• **What the task requires**: Reproduce all of the listing below without alteration.

• **Dataset excerpt**:

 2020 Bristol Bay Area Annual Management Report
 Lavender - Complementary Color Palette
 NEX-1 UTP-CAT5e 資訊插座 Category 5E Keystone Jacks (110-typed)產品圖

• **Exercise solution**:
 2020 Bristol Bay Area Annual Management Report
 Lavender - Complementary Color Palette
 NEX-1 UTP-CAT5e 資訊插座 Category 5E Keystone Jacks (110-typed)產品圖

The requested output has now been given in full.